In the summer of 1993, on Saturday nights I swam naked in the Trout River. With a belly full of beer and bonfire smoke in my hair, I mounted the pedestrian bridge below the interstate for an exhibitionist dismount. The rumble of the semis above shook the bridge as I shivered on the rail for fear that any second a police beam would shoot behind me. Both of these, the rumble and the fear, propelled me forward to the current, which always delivered me to the safety of my friends waiting on the motorboat.
The danger, not the safety, was why I chose to swim there.
In summer of 1993, my friend Santiago swam in an Olympic-sized swimming pool in Medellin. Among the sounds of splashing Colombian beauties whose breasts were-scarcely formed beneath their purple bikini tops, you couldn’t even hear the squeak in his voice, which his mother said sounded like the conversations between the mice living between the walls in their country house. He and Juan and Andres would meet there summer afternoons with two purposes; watching the tiny purple breasts, and to find safety from the things their parents always talked about in their presence. Puberty and politics.

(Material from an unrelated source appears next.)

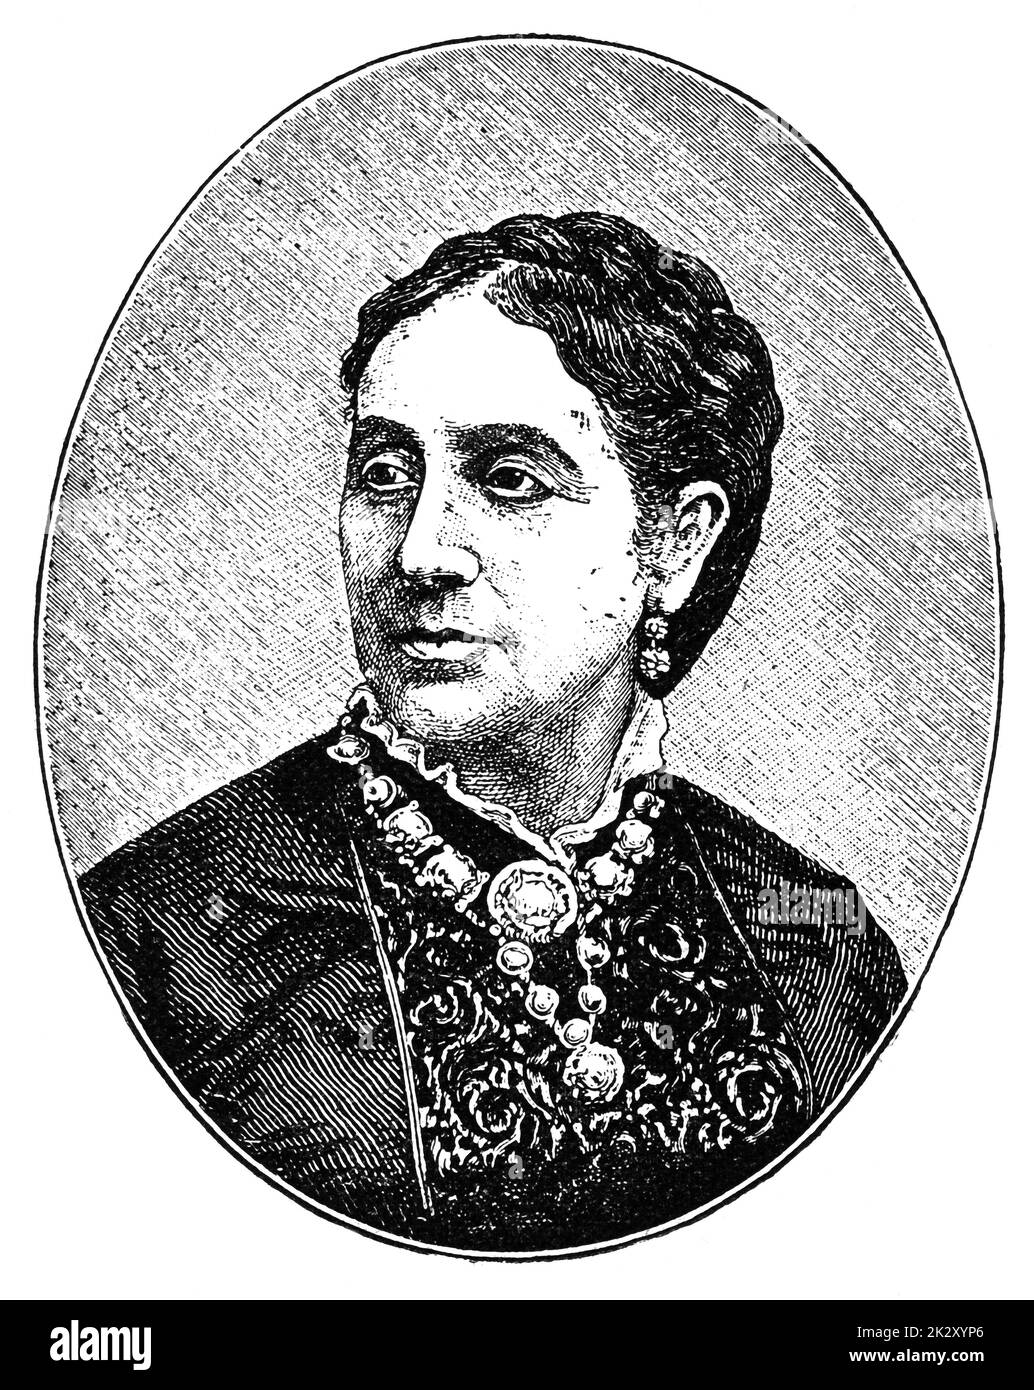 Porträt von Adelaide Ristori - eine bedeutende italienische Tragödienne, die oft als Marquise bezeichnet wurde. Illustration des 19. Jahrhunderts. Weißer Hintergrund. Stockfoto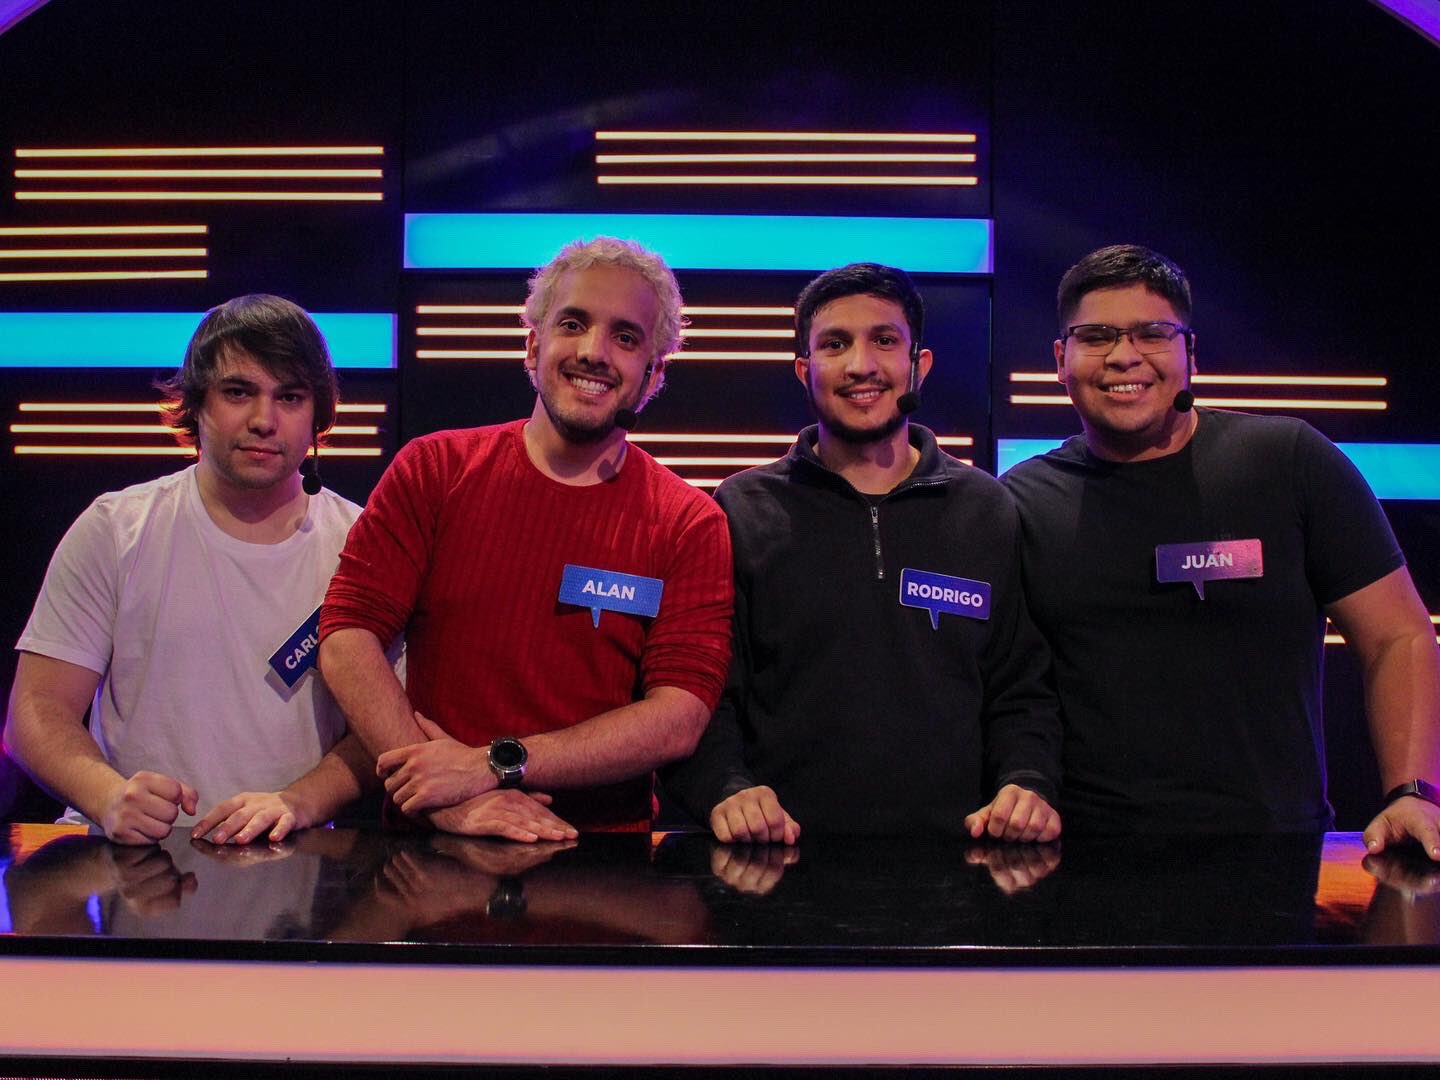 El equipo de “Los Borbotones” liderado por Juan e integrado además por Rodrigo, Alan y Carlos. Foto:

That summer when Santiago thirteen, he drank Postobon soda at the poolside. I drank Pabst Blue Ribbon on a broken down peer over the river. We discovered this parallel between my American adolescence and his Colombian one over shots in a Bogota bar as adults, when we were both living far from our parents and our homes.

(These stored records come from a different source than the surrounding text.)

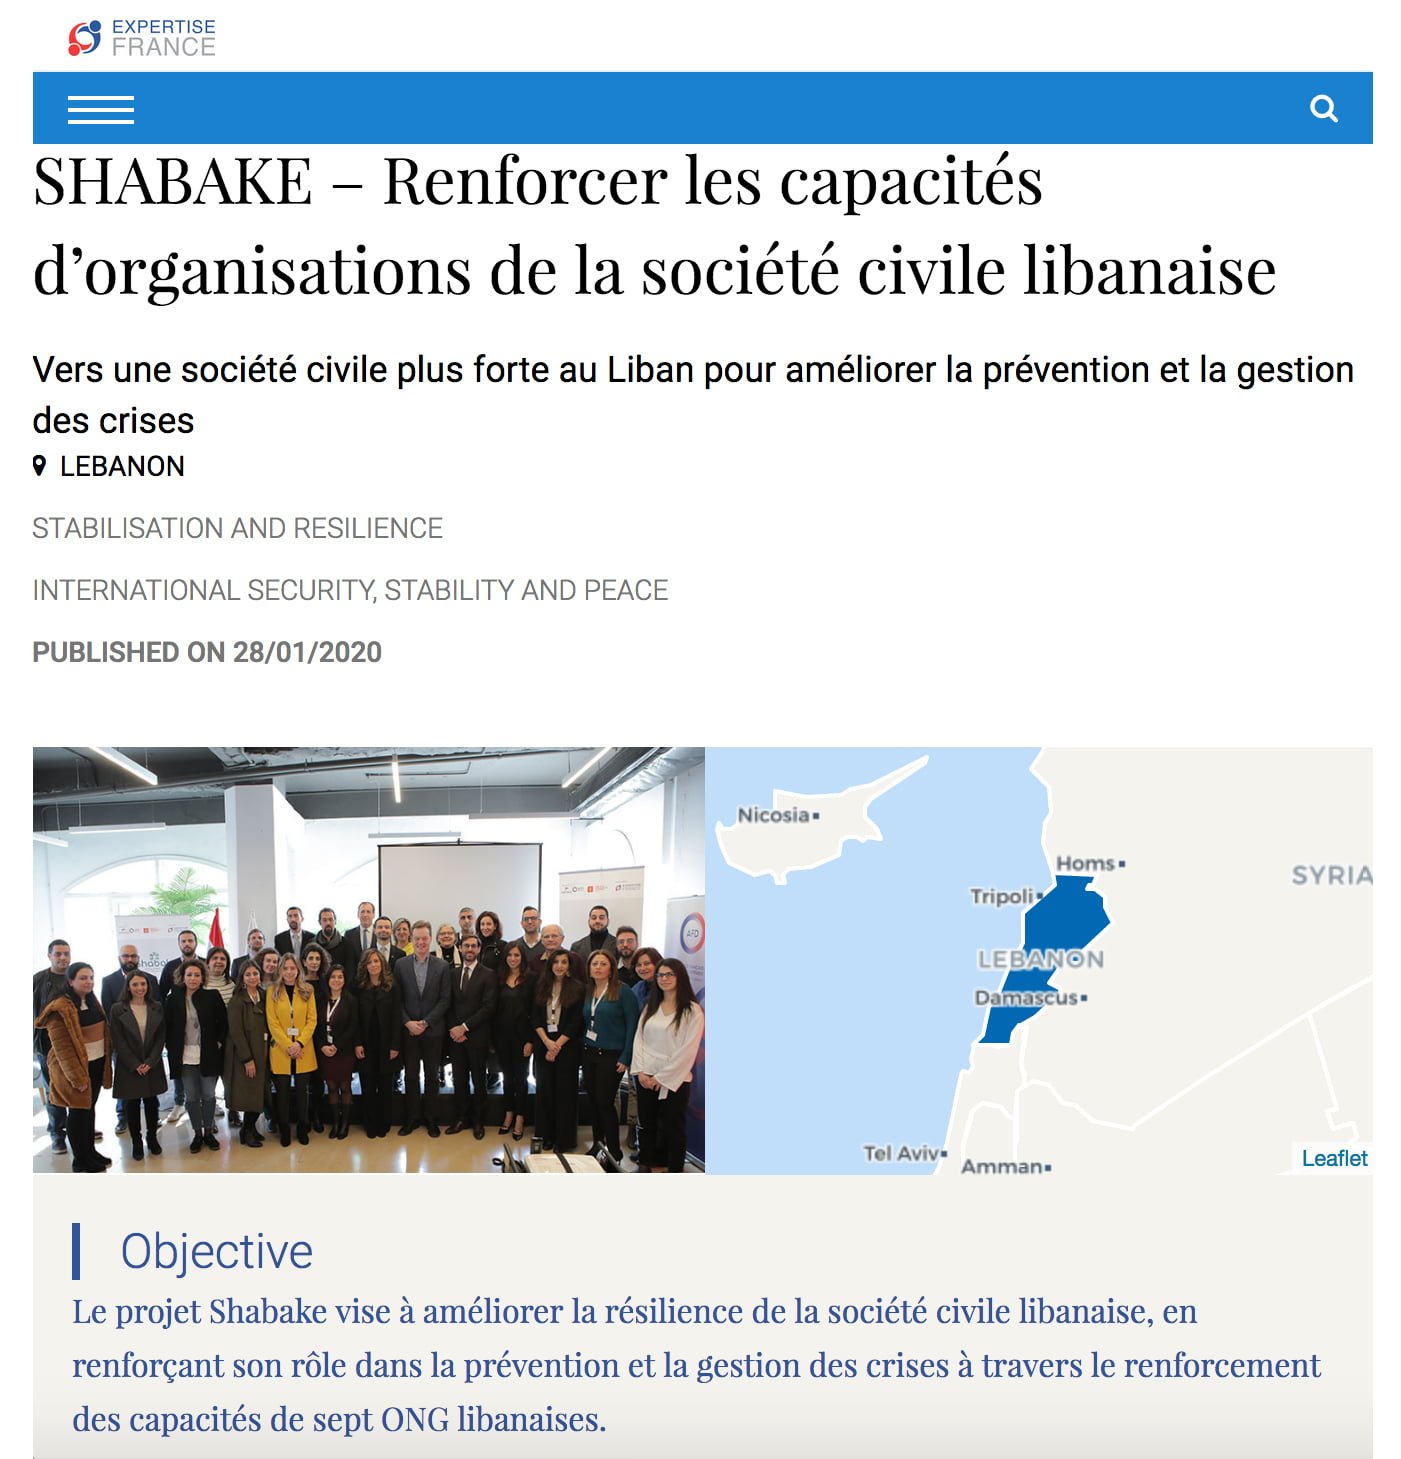 SHABAKE – Renforcer les capacités d’organisations de la société civile libanaise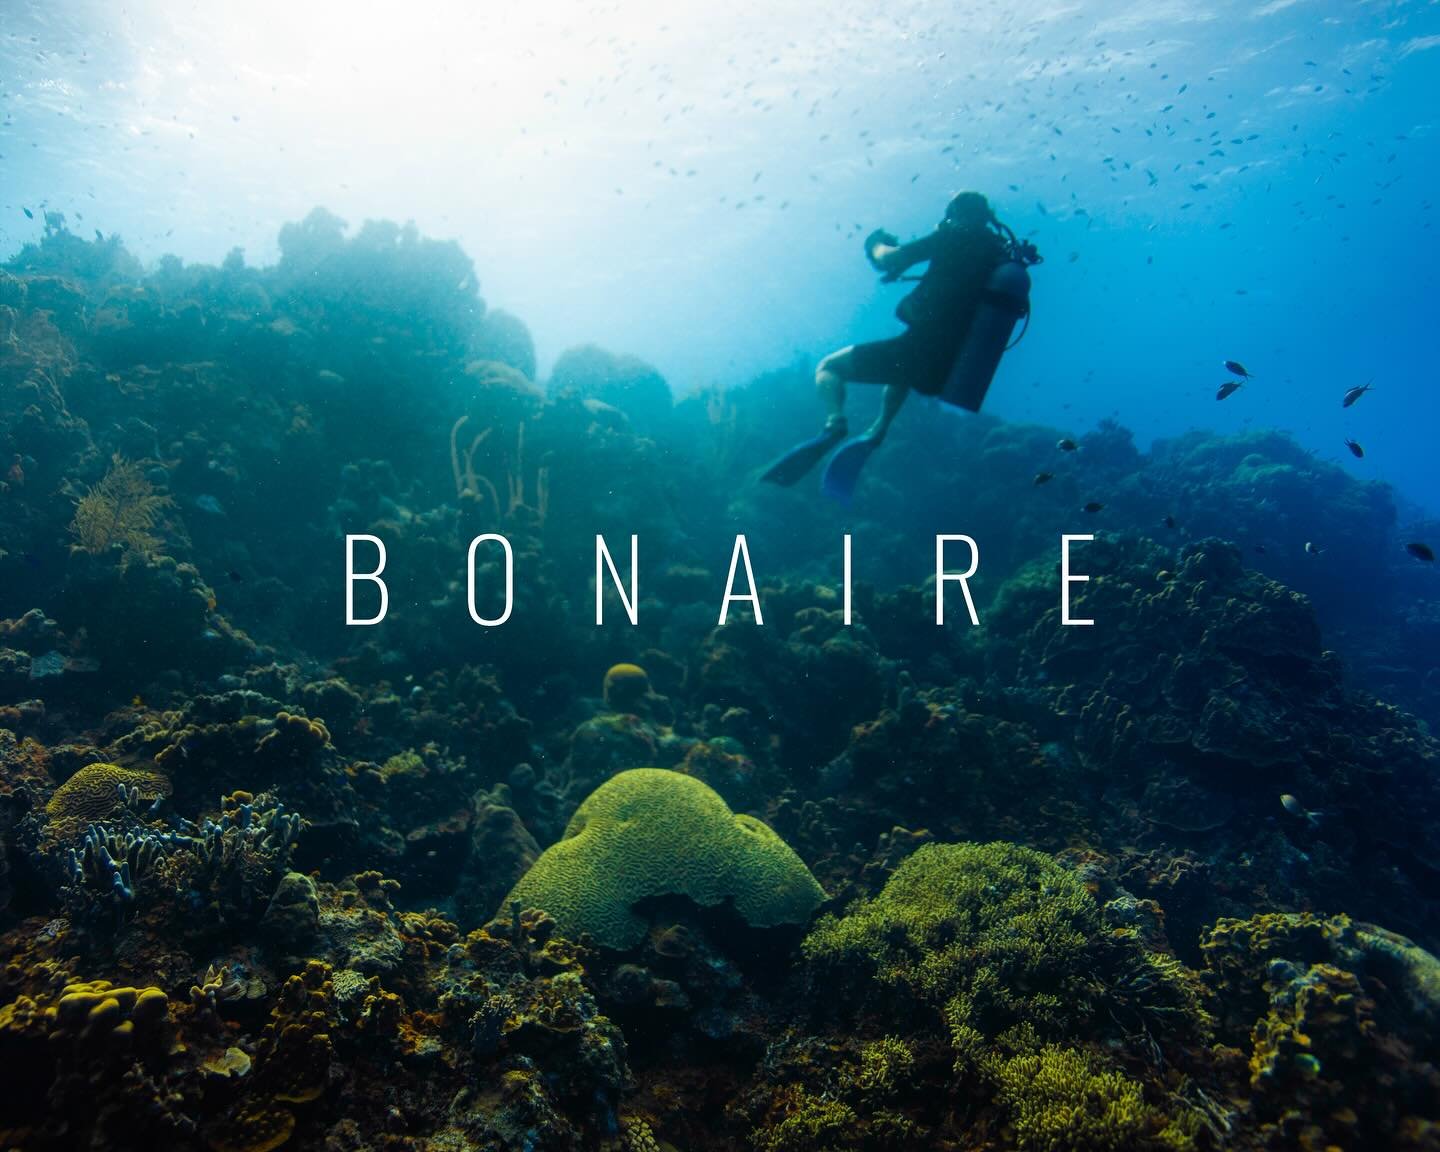 Bonaire Trip 2023
#BonaireUnderwater
#ScubaBonaire
#UnderwaterPhotography
#DiveBonaire
#BonaireDiving
#UnderwaterWorld
#MarineLifePhotography
#ScubaLife
#CoralReefBonaire
#OceanPhotography
#DiversParadise
#UnderTheSea
#ScubaDivingAddicts
#BonaireTrav

When Santiago talked about the Olympic-sized swimming pool in Medellin, he buddies perked up. “Do you remember that day?” Santiago asked his two musketeers, as he knew I certainly would not.
“Andres was on the diving board, clutching his nuts and shivering like a little girl. Same as now,” Juan said winking at Andres. Andres punched him and took a shot.
“He was trying to impress that little mamacita, Maria, and her friends. Remember.” With each detail, the salsa music, the heat of December, the green hills that were the backdrop for the pool deck-- I felt myself disappearing from the scene.
"When Andres jumped, we heard the shots.”
“For a split second we thought that little gordito broke the diving board!” Juan chuckled. I did not. “But then the people near the radio started cheering. The salsa stopped and someone started yelling. 'They shot Pablo Escobar!' "
The boys had cheered with the rest of them, or so they told me between casual puffs on their cigarettes. When they talked about it, it was as though puberty and politics were tainted by the same nostalgia.
After Escobar was shot, they walked home, for once without looking over their shoulders. Santiago's parents were in the kitchen, still cheering, while the rice for lunch burned on the stove.
“For once we felt like you gringos. Safe for a whole day!” All of them laughed at me for this. I was still caught in the feeling on the pool deck. I could only imagine their relief, and thought it must have been similar to the realization that the police beam never hit me on the bridge over the river.
They bought another round of shots, and the party continued as usual.